== SOURCE MATERIAL ==

__________

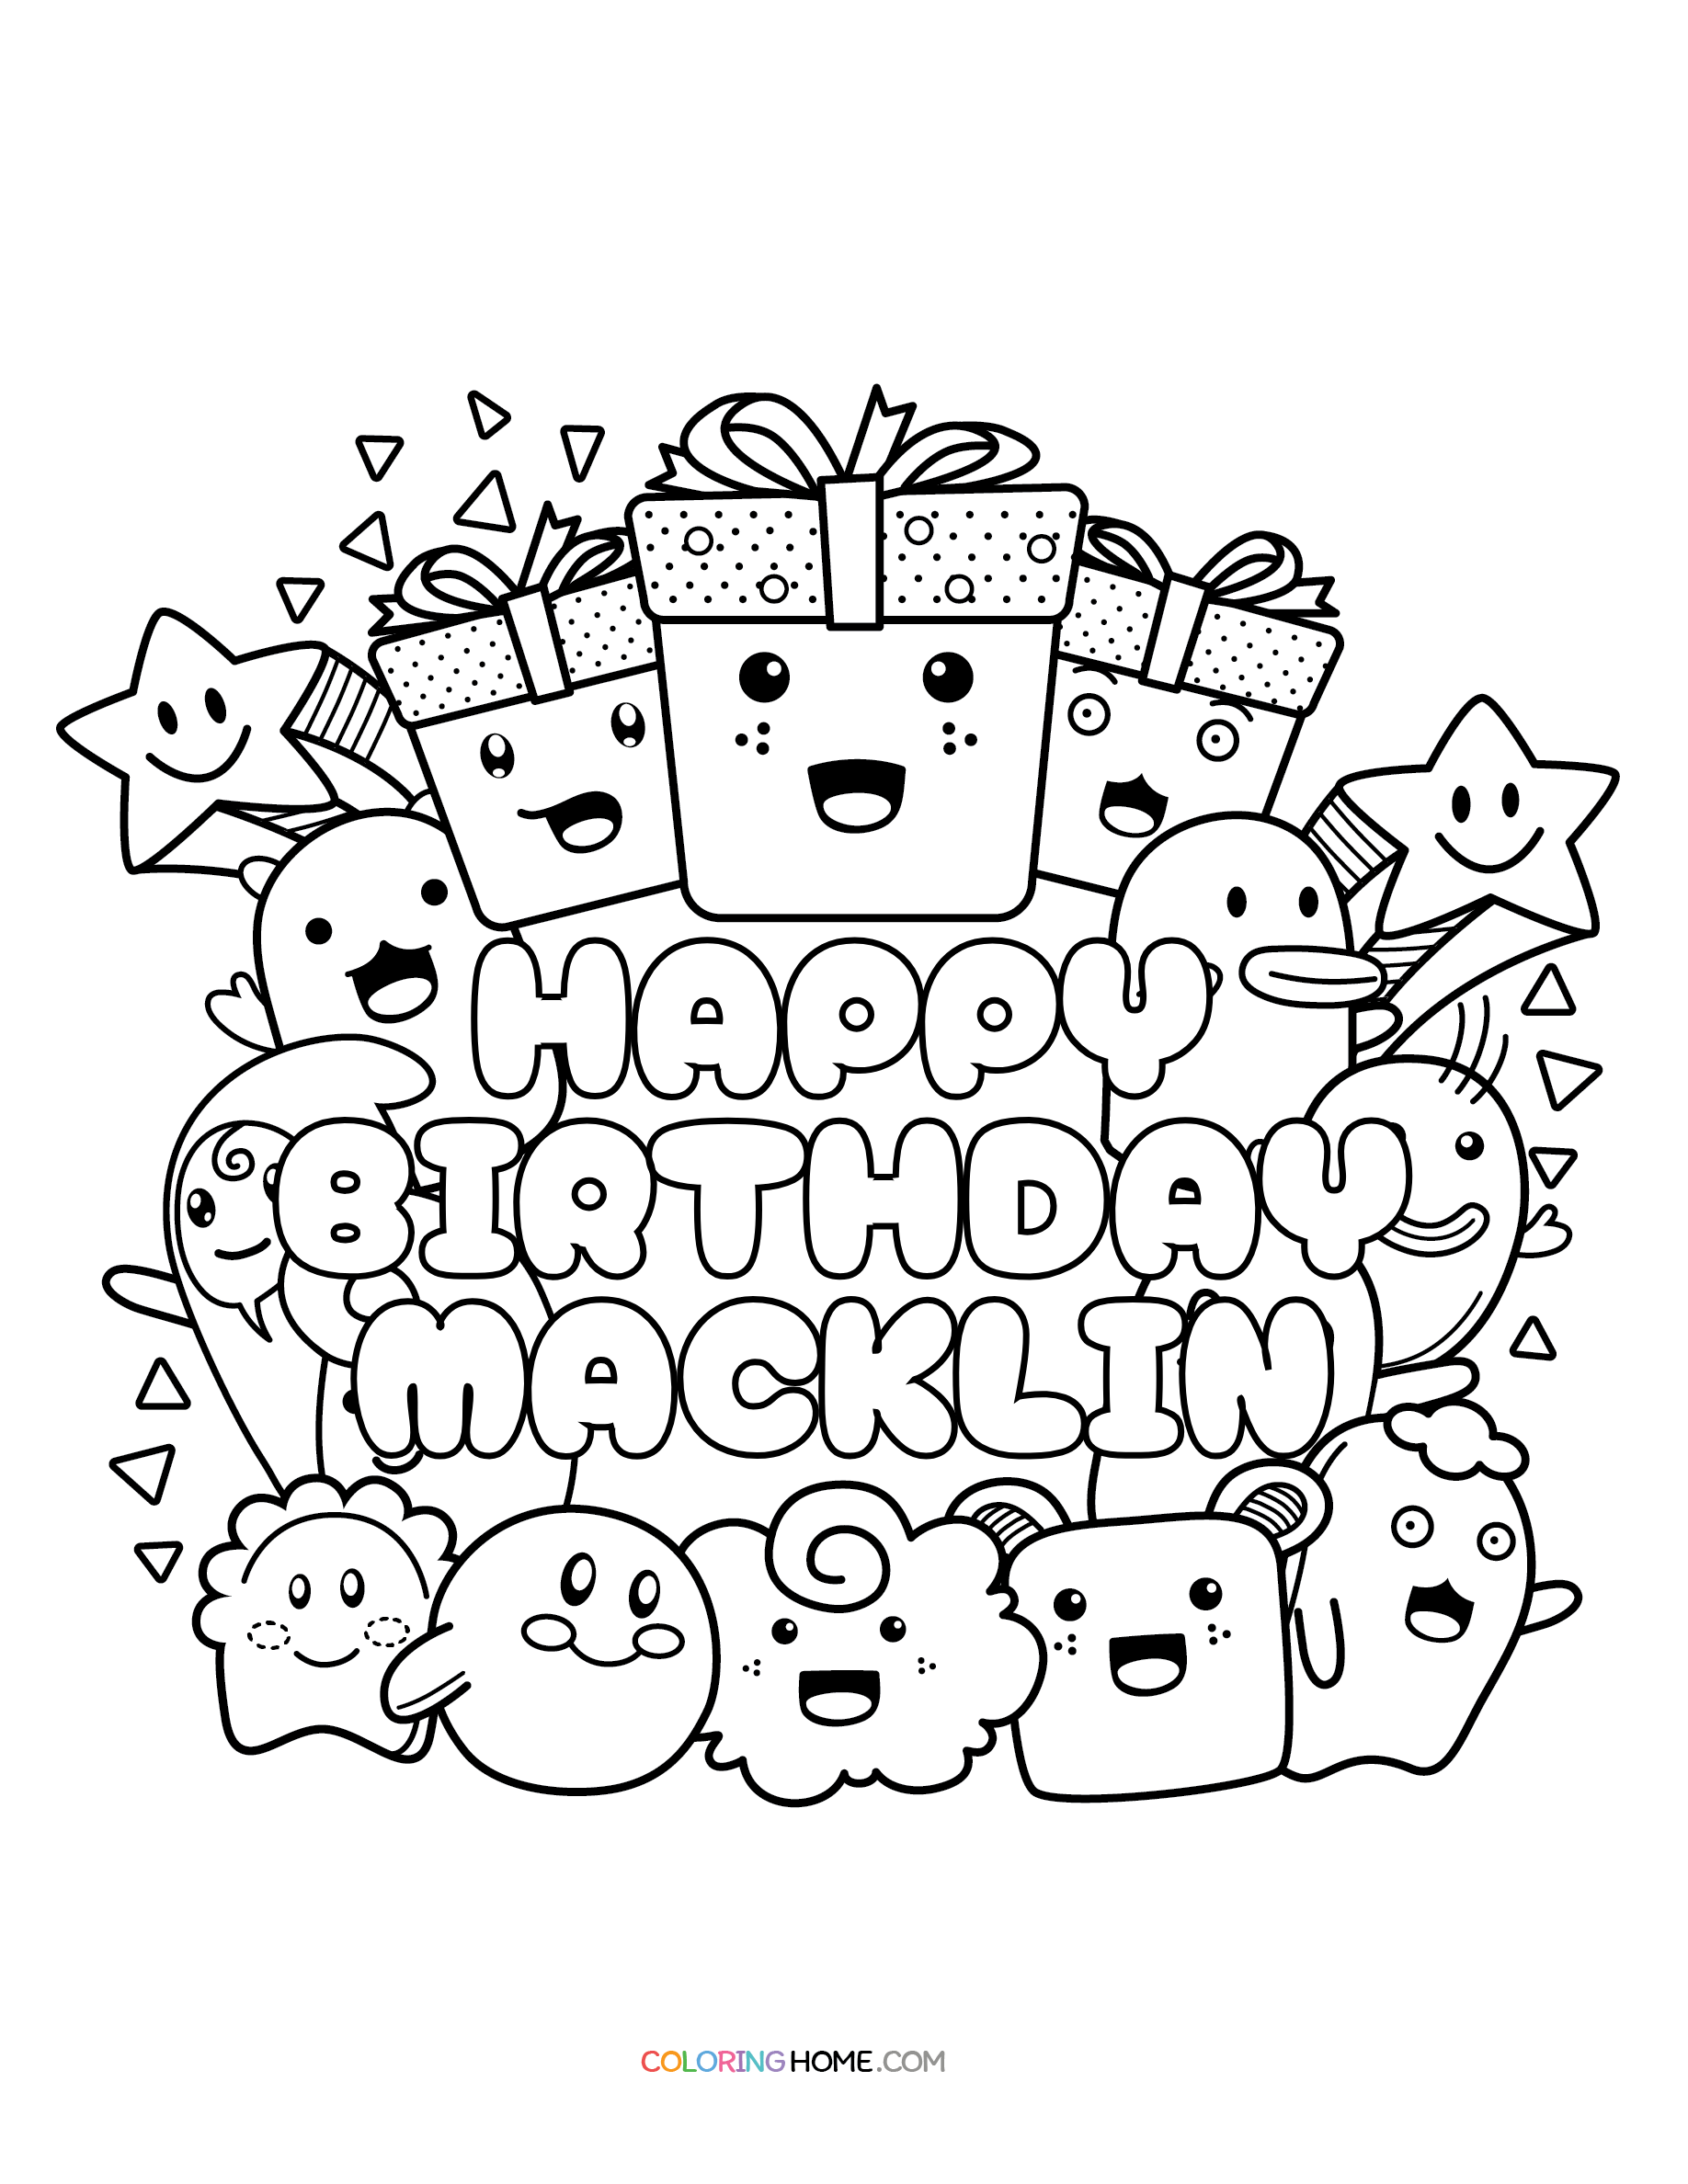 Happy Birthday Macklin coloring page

__________

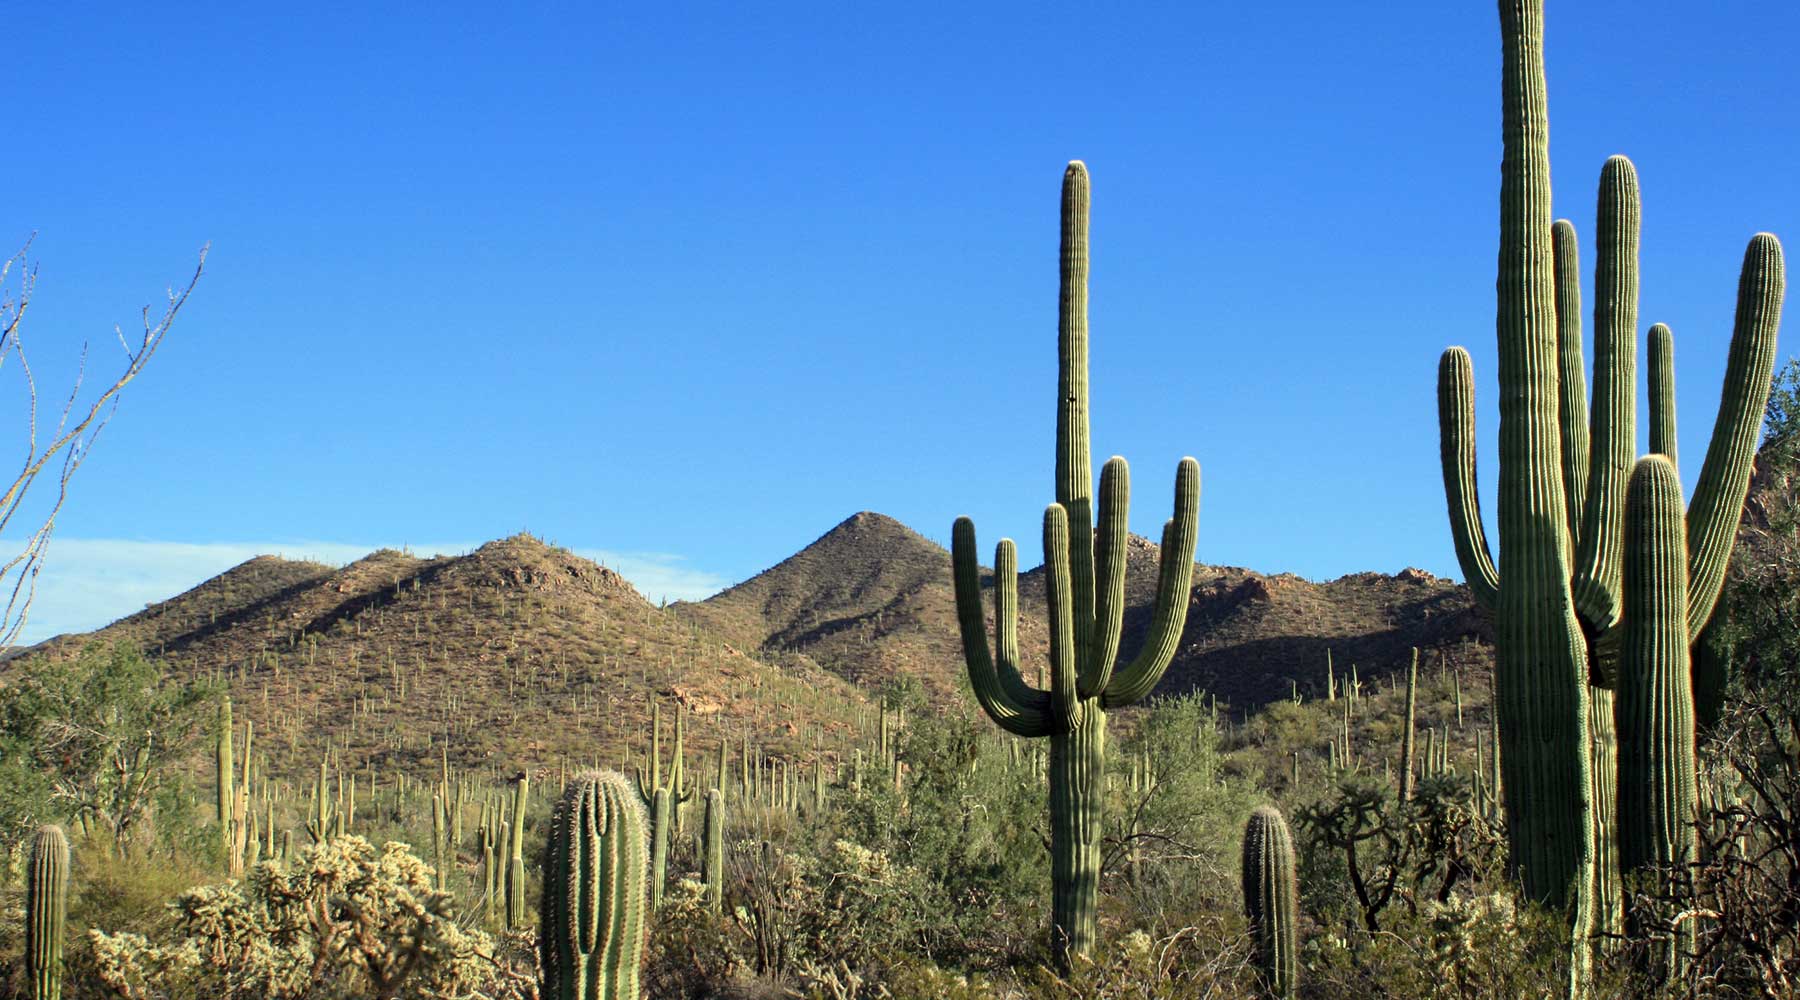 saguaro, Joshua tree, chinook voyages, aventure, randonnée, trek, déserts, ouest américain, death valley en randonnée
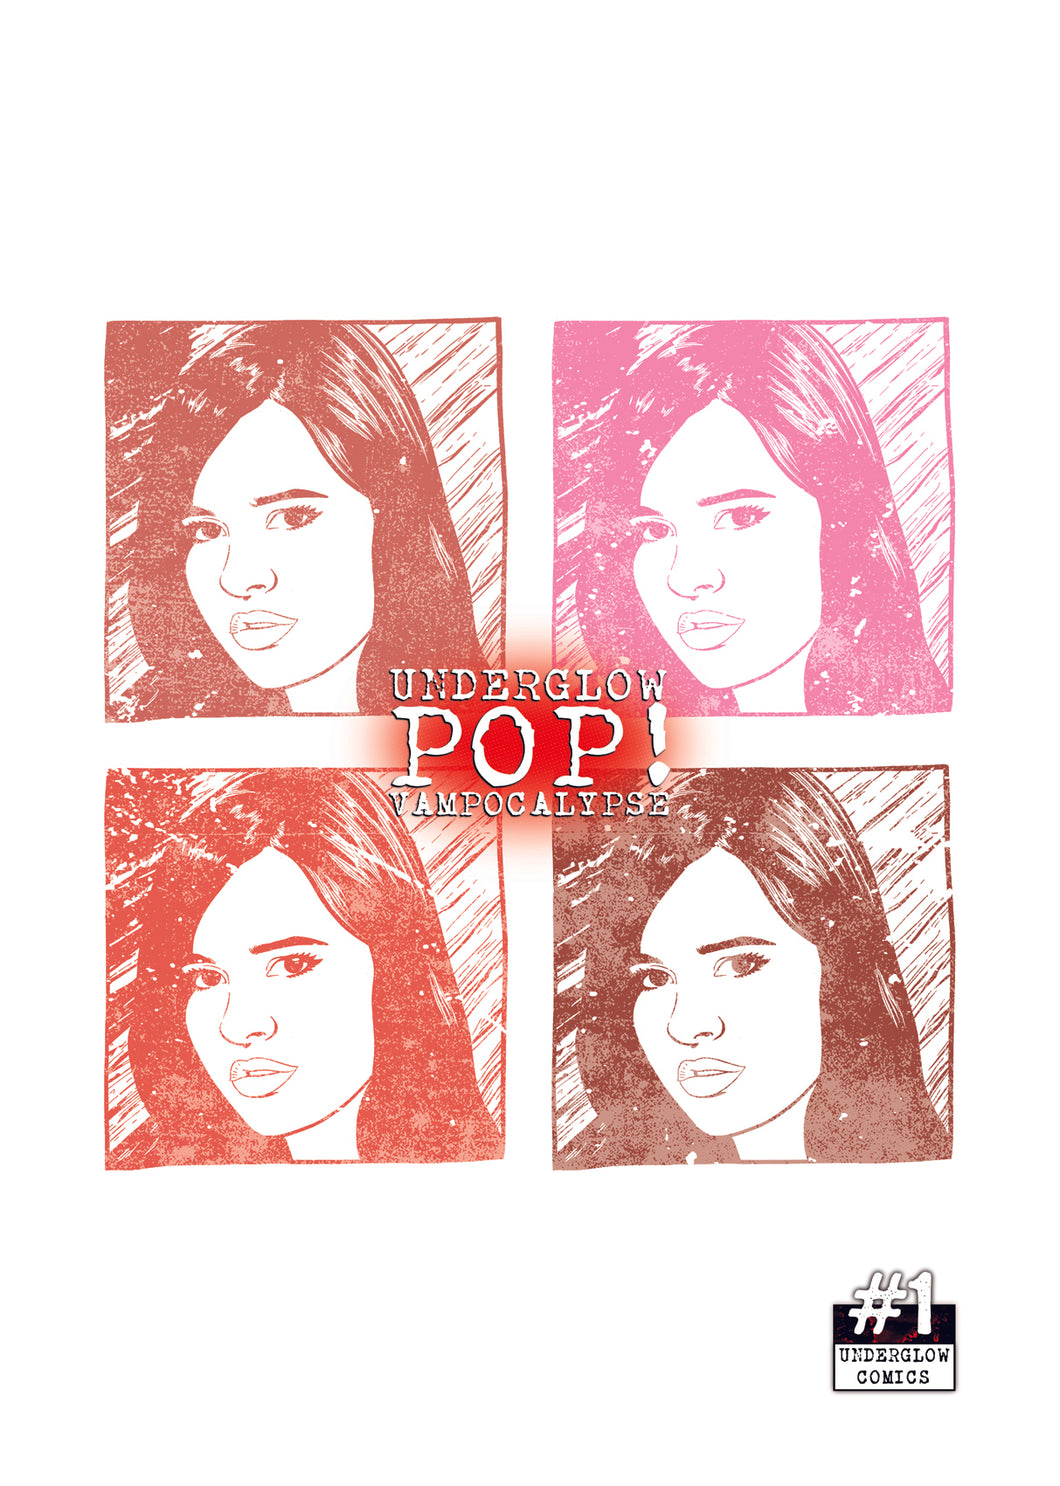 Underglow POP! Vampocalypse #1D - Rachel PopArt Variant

__________

== HOW TO COMPLETE THIS TASK ==
Repeat, without pictures, exactly the lines of the data above from the one containing "saguaro, Joshua tree, chinook" through the one containing "Underglow POP! Vampocalypse", including both and adding nothing.

== RESULT OF THE TASK ==
 saguaro, Joshua tree, chinook voyages, aventure, randonnée, trek, déserts, ouest américain, death valley en randonnée
 Underglow POP! Vampocalypse #1D - Rachel PopArt Variant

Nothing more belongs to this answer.